There’s one other neat trick two’s complement let’s us do that we need to talk about. Integers in computers have a fixed “width”, or number of bits that are used to represent them. Wider integers can represent larger (or more negative) numbers, but take up more space in the computer’s memory. So to balance those concerns, languages like C give the programmer access to a few different bit widths to choose from for their integers.

So, what happens if we need to do some arithmetic between integers that are different widths, or just pass an integer into a function that’s narrower than the function expects? We need a way to make an integer wider. If it’s unsigned, that’s easy; copy over the same value into the lower (right-hand) bits and then fill in the new high bits with 0’s, and you’ll have the same value, just now with more bits.

But what if we need to widen a signed integer? Two’s complement’s here to save the day with a solution called “sign extension”. It turns out all we have to do to make a two’s complement integer wider is copy over the same value into the low bits and then fill in the new high bits with copies of the sign bit. That’s it.

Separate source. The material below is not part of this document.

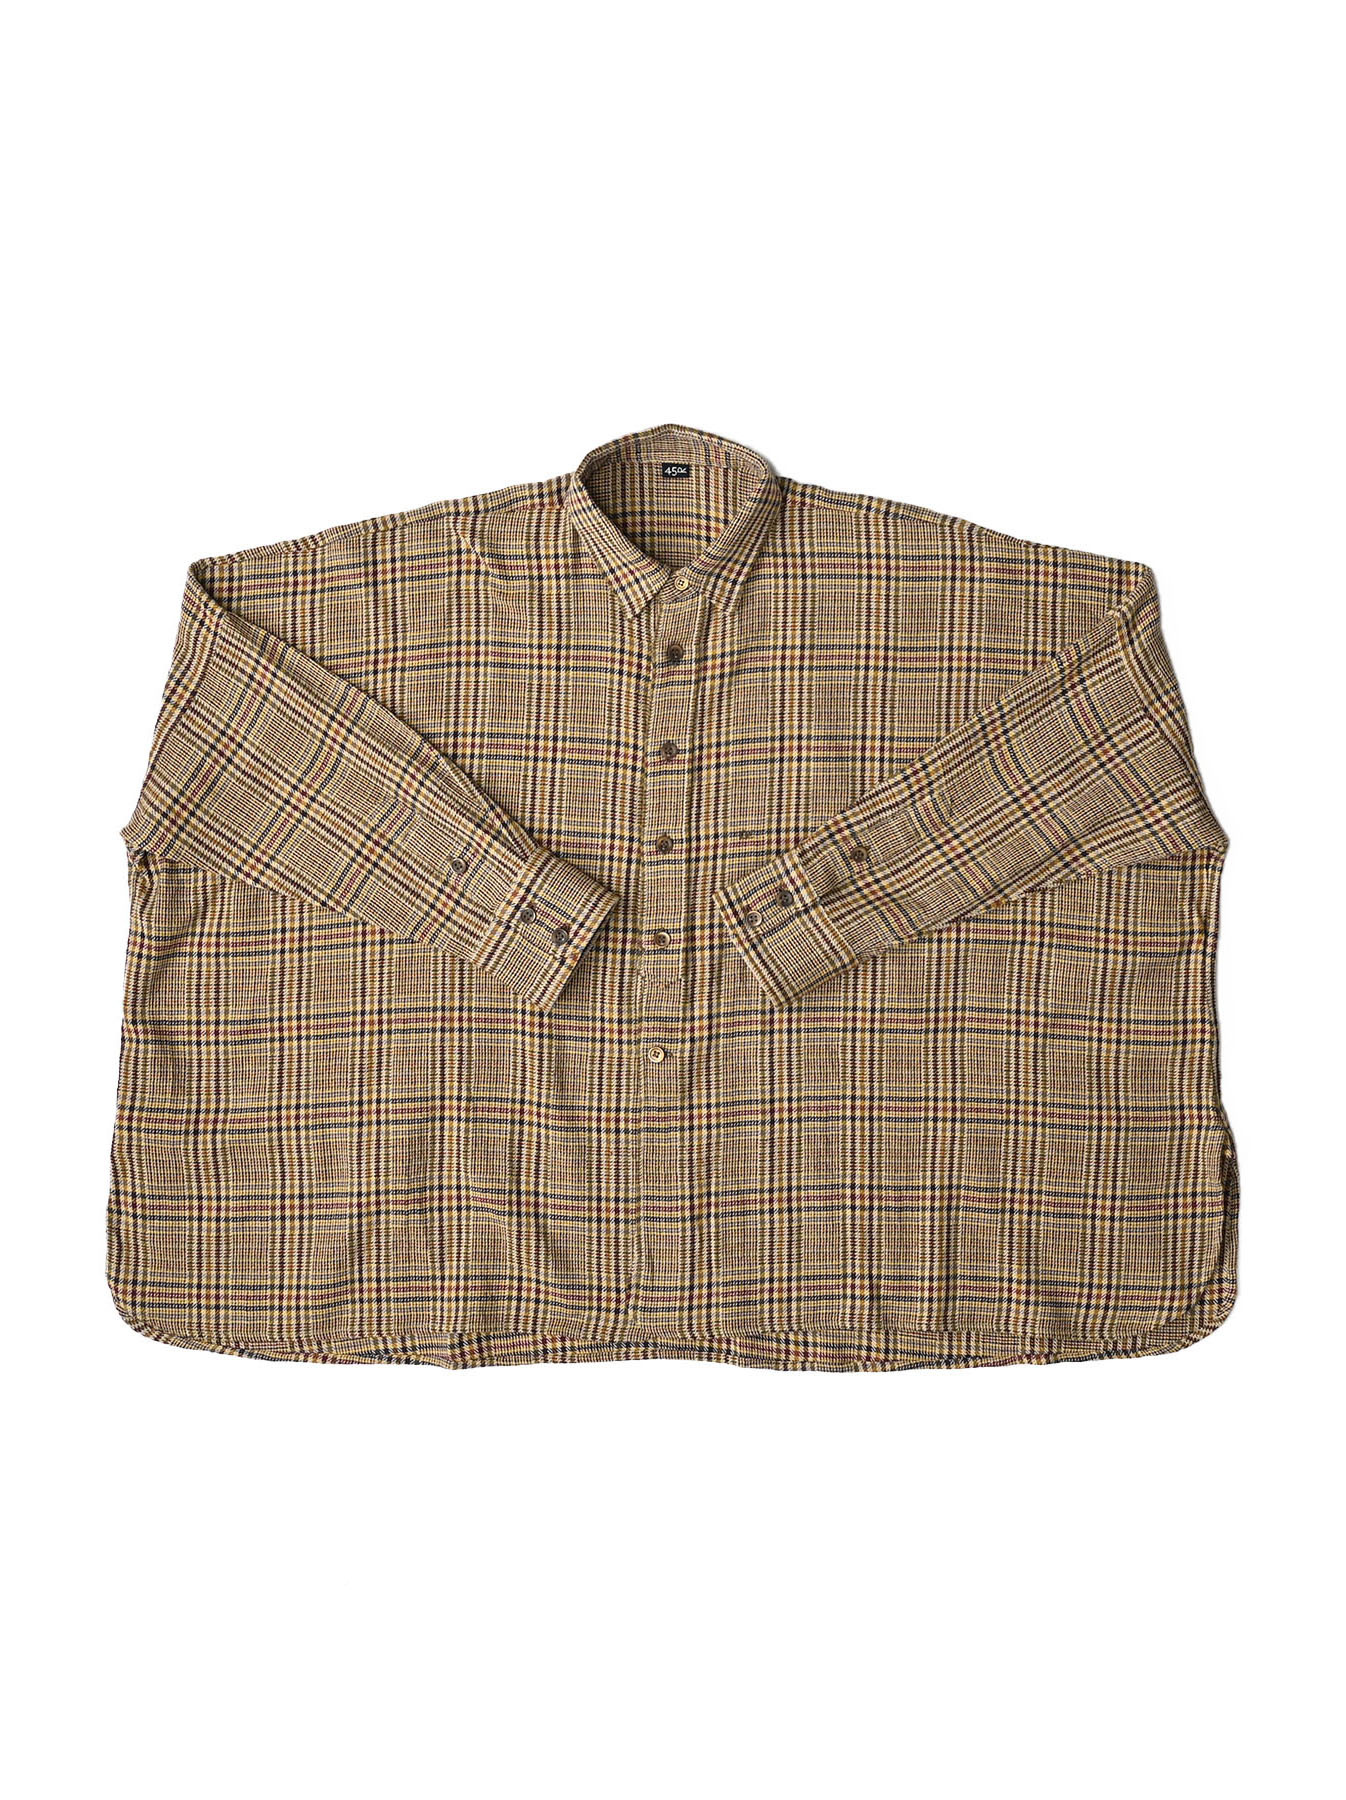 Indian Flannel Big Shirt-1

It’s easy to see why that’s correct if we think about how two’s complement works. If the number is positive (the sign bit is 0), then it’s the same as for an unsigned number, we’ll fill in the new space with all zeroes and nothing changes. And if the number is negative (the sign bit is 1), then we’ll fill in the new space with 1 bits, but the two’s complement operation means those bits all get inverted into 0’s when we need to get the number’s value, so still nothing changes. These simple, efficient operations are why two’s complement is so neat, despite seeming weird and overcomplicated at first.

Hexadecimal Numbers

I’m going to use a few hexadecimal numbers in this article, but don’t worry, I’m not going to try to teach you how to work in a whole different number system yet again. You can think of hexadecimal as a shorthand for binary numbers. Hexadecimal (“hex” for short) uses the decimal digits 0-9 and also the letters A-F, for 16 possible digits total. Since each digit can have 16 values, each one can stand in for four binary digits.

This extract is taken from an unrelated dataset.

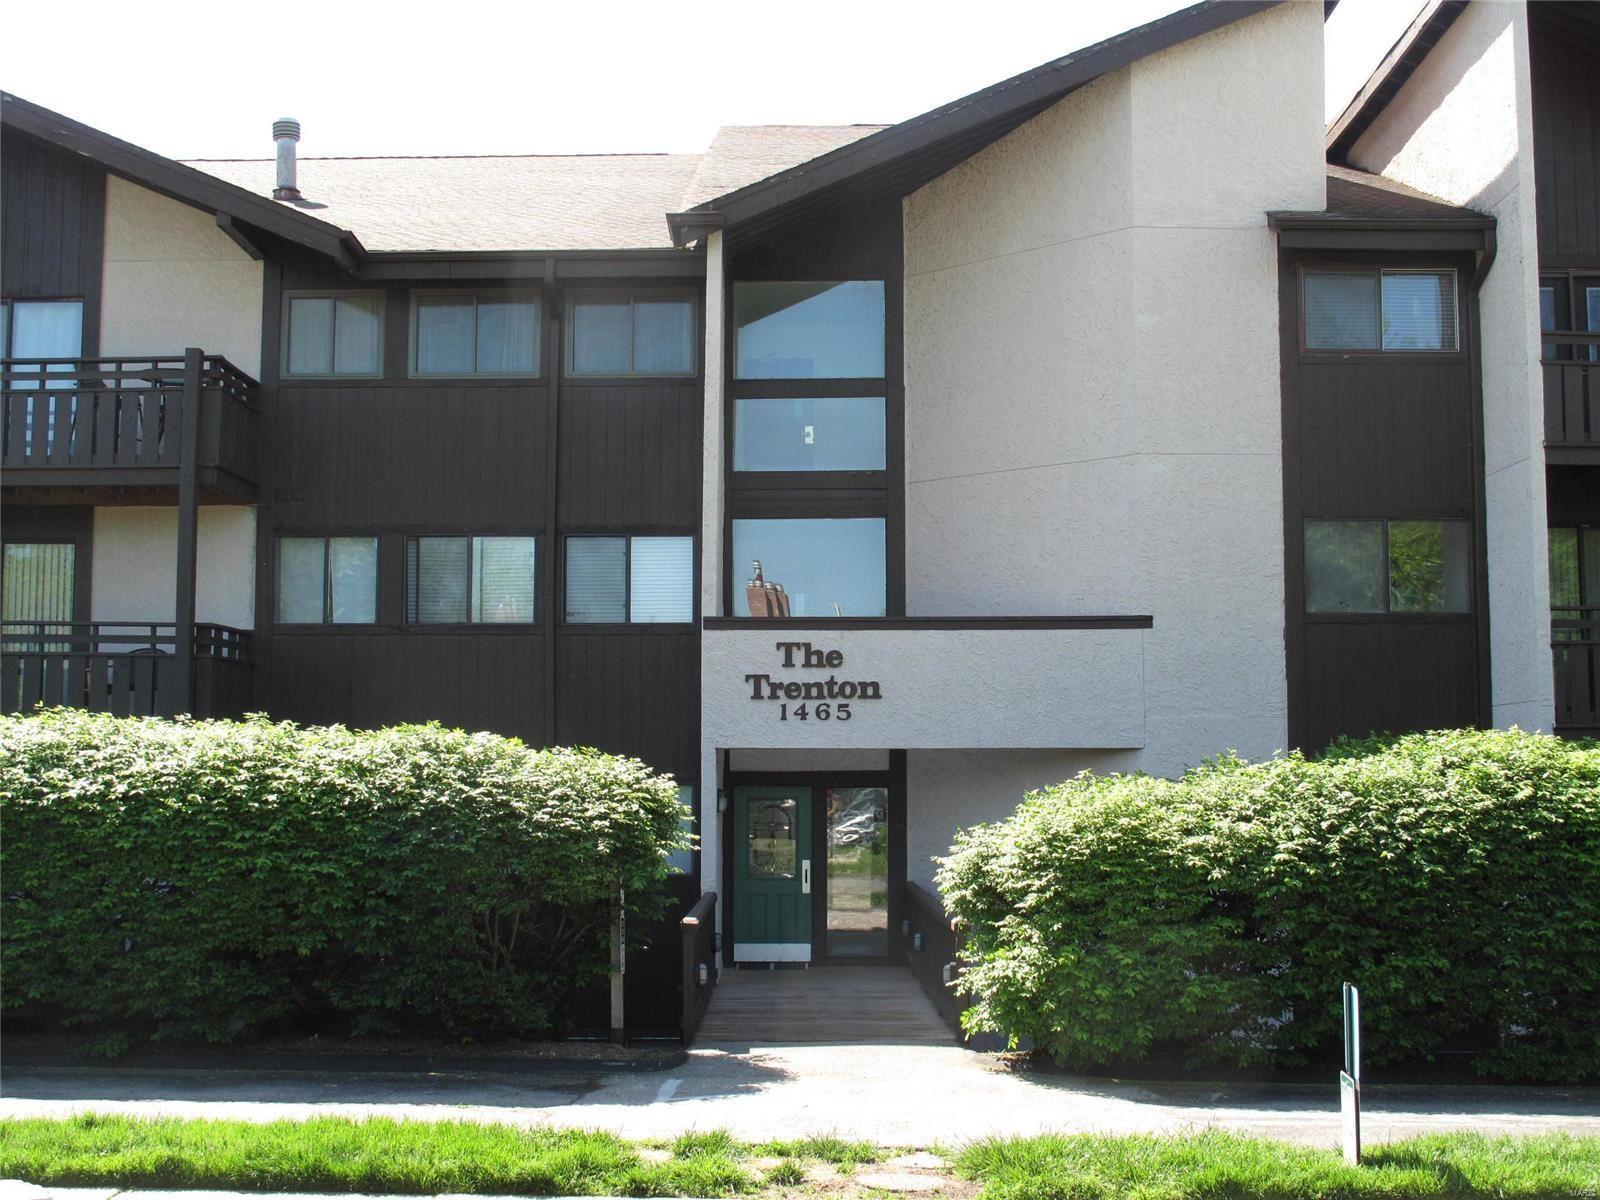 1465 Heritage Lndg, Saint Charles, MO 63303 - MLS#: 21027833

Also, hex numbers in C and elsewhere are written starting with 0x. That’s not part of the number, it’s just telling you that the thing after it is written in hex so that you know how to read it.

You don’t need to know how to do any arithmetic directly on hex numbers or anything like that, just see how they convert to binary bits. Here’s the conversions of individual hex digits to binary bits:

Binary  Hex
======  ===
 0000    0
 0001    1
 0010    2
 0011    3
 0100    4
 0101    5
 0110    6
 0111    7
 1000    8
 1001    9
 1010    A
 1011    B
 1100    C
 1101    D
 1110    E
 1111    F

Implicit Conversions in C

In C, unlike some languages, there are a bunch of different types that represent different ways of storing numbers; basically, every kind and size of number that CPU’s can work with has its own type in C. There’s also a “default” integer type, which is called int. How many bits are in an int depends on the C compiler you’re using (and on its settings)6, but it is guaranteed by the language standard to be signed.

Since C has so many different kinds of numbers, it’s common to need to convert between them. It’s so common in fact that the language designers decided to make those conversions mostly automatic. That means that, for instance, this code compiles and runs as you’d probably expect:

#include <math.h> // to get the declaration for sqrt()

long long geometric_mean(int a, int b) {
  return sqrt(a * b);
}

int main() {
  int a = 42;
  long b = 13;
  double mean = geometric_mean(a, b);
  return mean;
}

Even though none of the types in that code match up at all, the compiler just makes everything work for us. Nice of it, eh? These automatic “fixes” are called implicit conversions, and the rules for how they work are long and not always very intuitive. This is a pretty major gotcha of C programming, because it happens without the programmer even seeing it, you just have to know these things are happening and realize all the implications.

How the Bug Works

That should be all the background we need to understand what went wrong here. Now, let’s have another look back at that original, unpatched function declaration:

static int mar_insert_item(MarFile* mar, const char* name, int namelen,
                          uint32_t offset, uint32_t length, uint32_t flags)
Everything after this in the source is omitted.